• Fresh Views

    Have a Healthier Inside by Getting Outside

    Beautiful nature trail covered in flowers, Santa Barbara, CA

    The physician treats, but nature heals. – Hippocrates

    Get into the Great Outdoors

    Did you know that June is Great Outdoors Month? This month-long celebration is dedicated to exploring, appreciating and celebrating the diverse landscapes across the United States. In our last blog we closed with encouraging clients/patients to get outside to cultivate zest. Expanding on that, in “blue zones”, which are regions of the world where people  have a longer life expectancy and lower rates of chronic disease than average, a big part of lifestyle is getting outside. It’s well-documented that just 20 minutes outside changes the entire biochemistry of the body, and experiencing nature is free! 

    The EPA (2021) reports that Americans spend an average of 90-94% of their time indoors. We recently learned that the American Medical Association is actually looking at a “nature deficit disorder”. Author Richard Louv, advocate for a nature-rich life, encourages that getting out in nature gives “a booster shot of Vitamin N (nature)” as he calls it. Interestingly in Canada, providers are giving out National Park Pass “prescriptions” to get people outside.
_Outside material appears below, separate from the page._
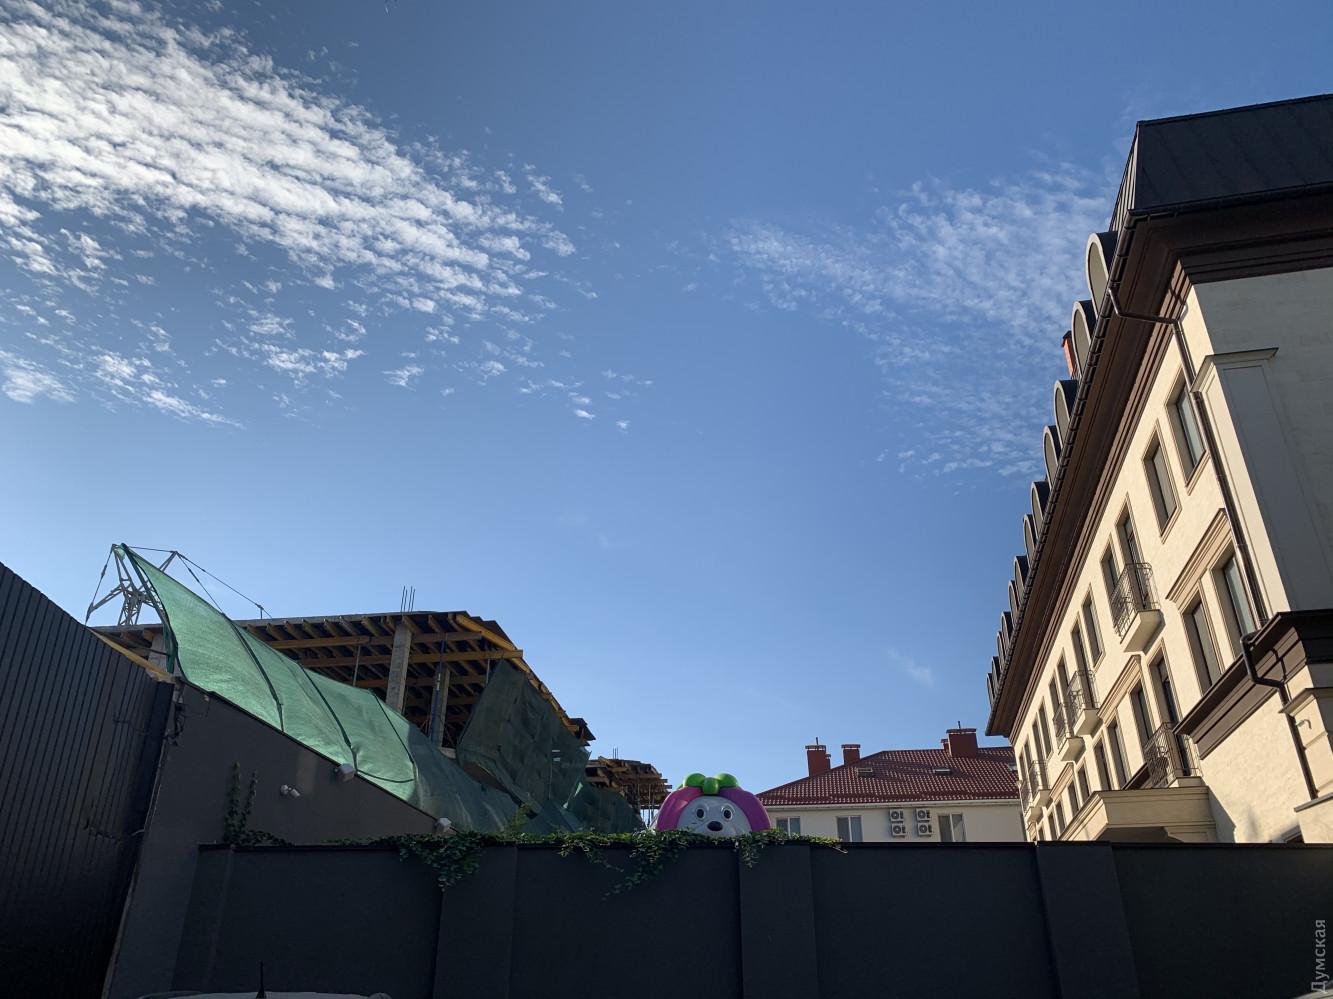 Скандальный застройщик получил разрешение на строительство особняка на Даче Ковалевского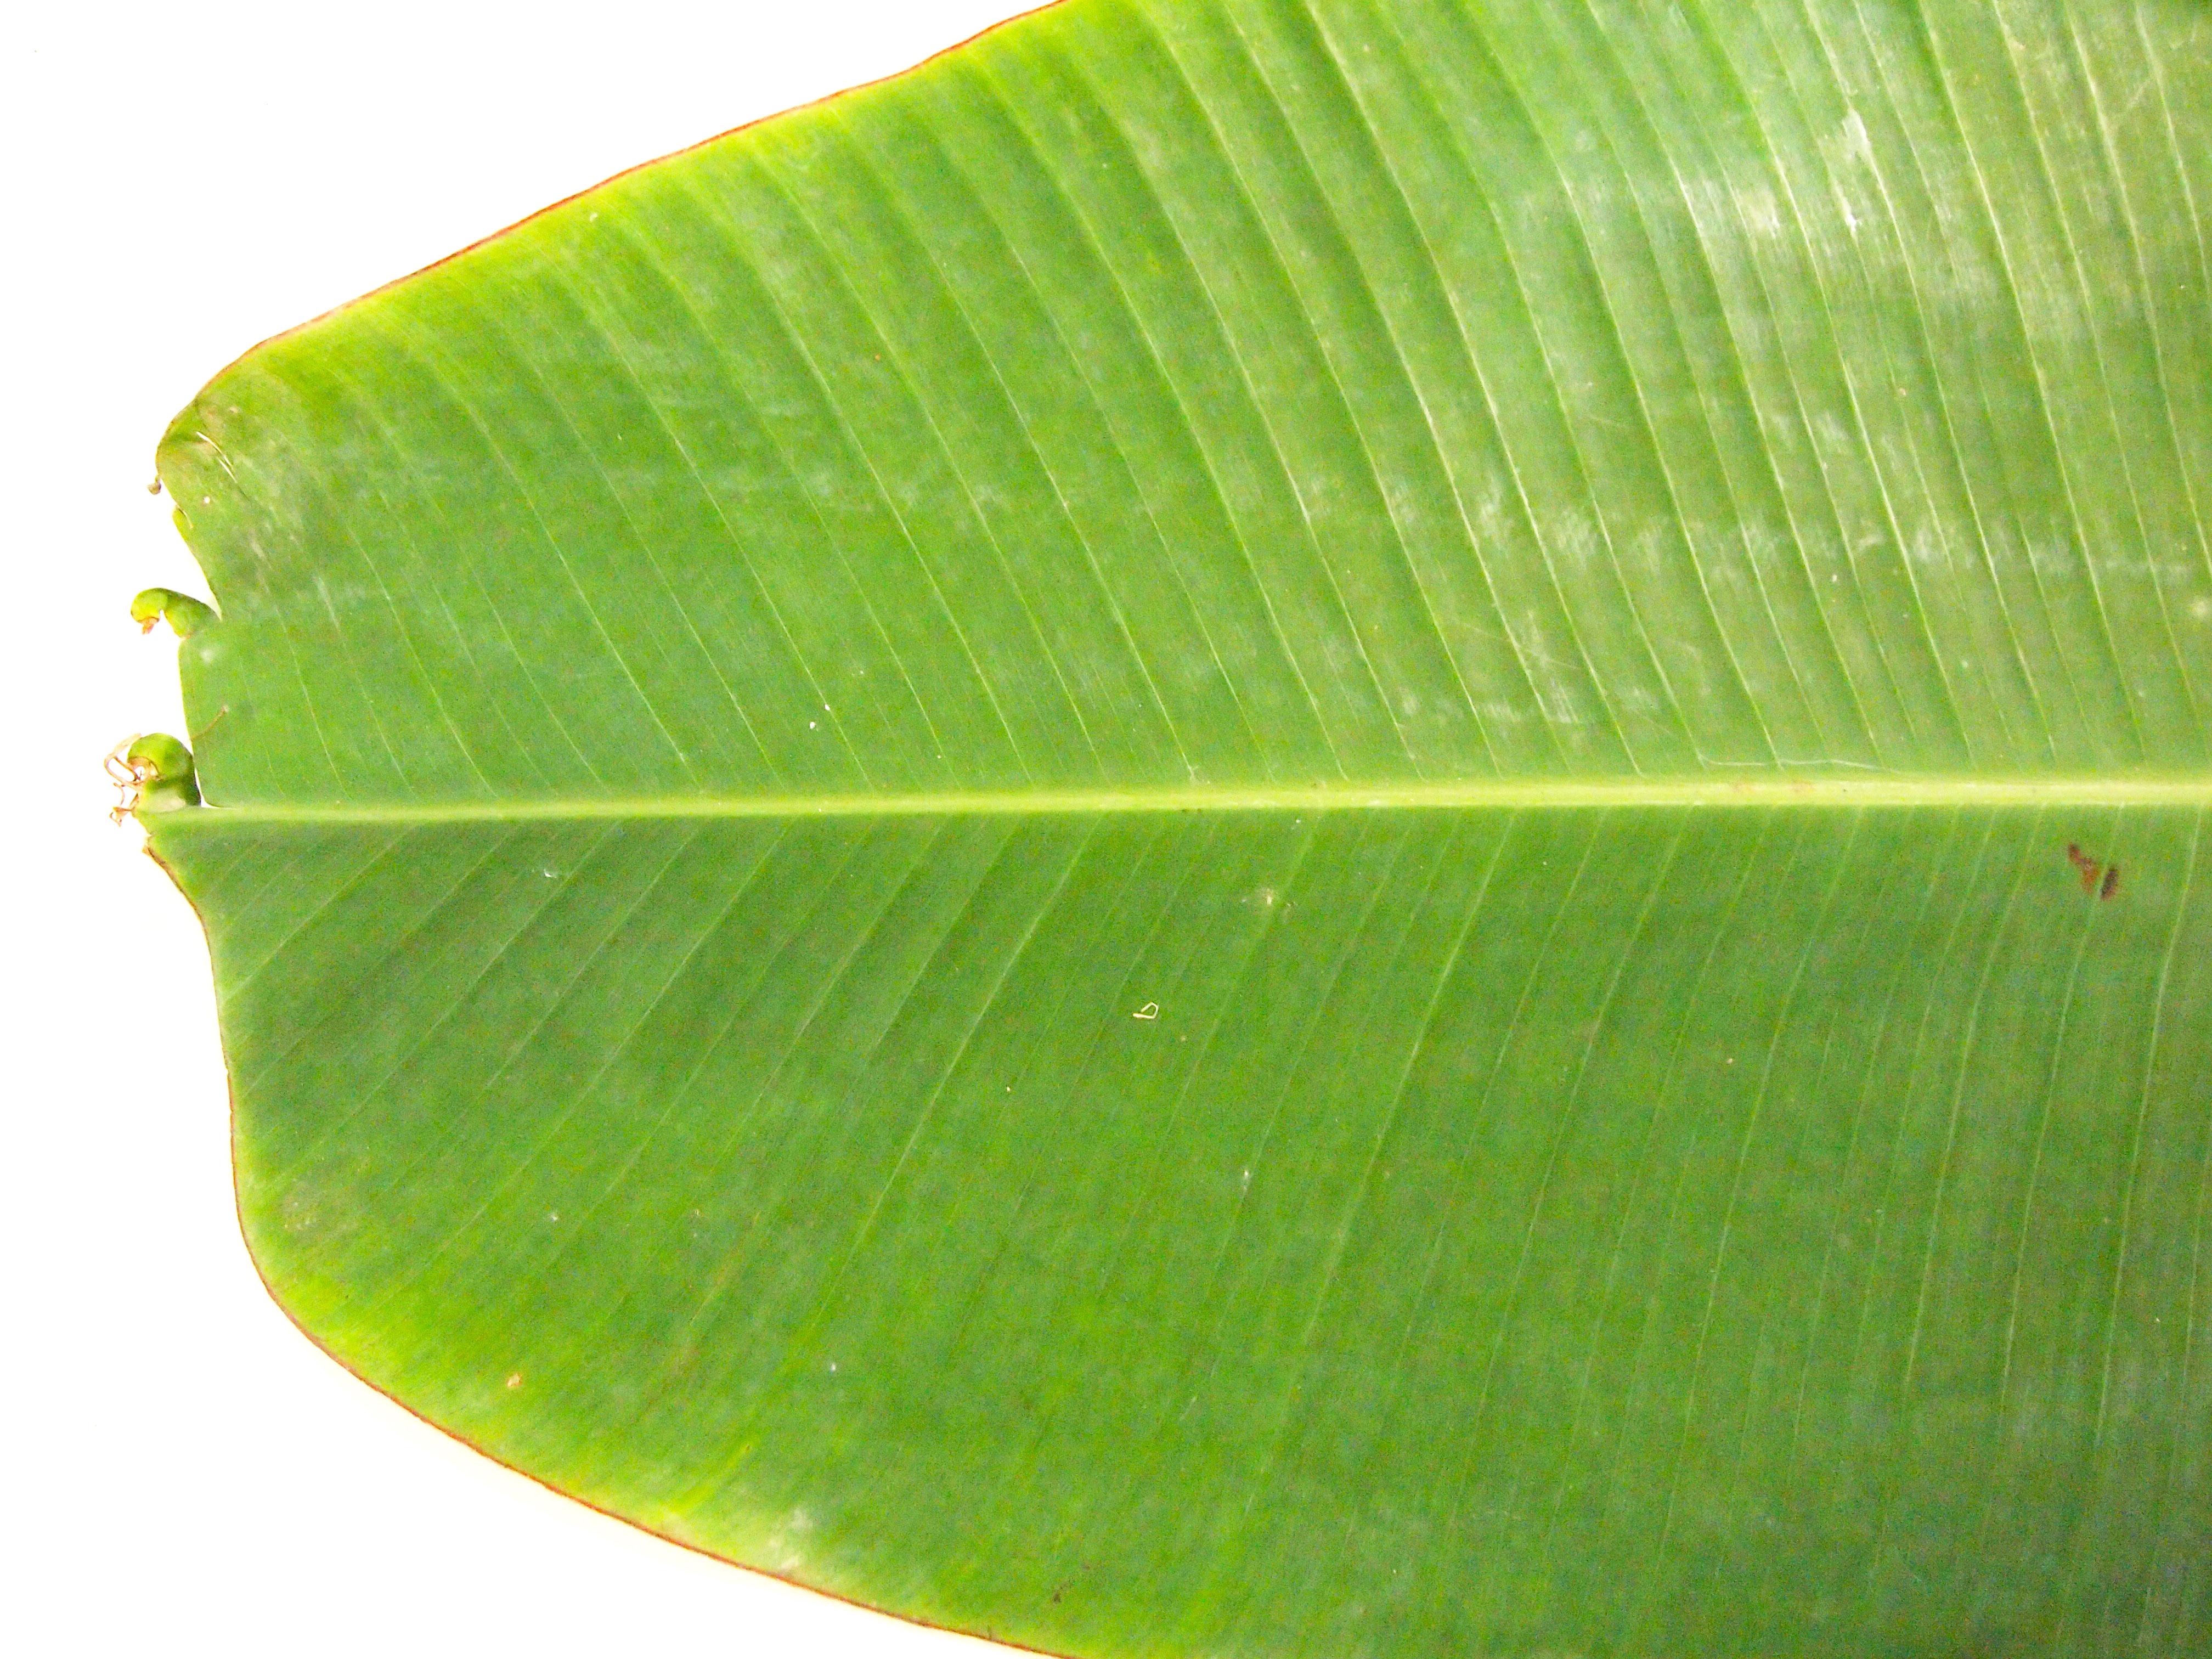 Banana Leaf Texture Quot 4032x3024

    Experiencing the great outdoors brings mental, physical, emotional, spiritual, and social benefits. It helps regulate sleep and circadian rhythm, and Vitamin D production. Whether taking a walk, or just taking in the great outdoors, studies show that simply being in nature boosts energy. It also benefits the ADCES self-care behaviors of Healthy Coping and Being Active. Check out our past blog on the benefits of being in nature

    Here are 8 tips to make the most of experiencing the great outdoors:

    1. Practice presence and mindfulness. Be fully present in the moment on purpose.
    2. Keep it simple – just walk outside and sit on the steps.
    3. Find something you enjoy in nature – maybe it’s watching birds.
    4. Take a few more steps to help improve balance and flexibility.
    5. Go outside with someone or a pet – be social.
    6. Dig in the soil, even a flower pot or raised container. It is therapeutic.
    7. Express gratitude for the sights and sounds you experience.
    8. Get back out as often as you can and imprint what you see.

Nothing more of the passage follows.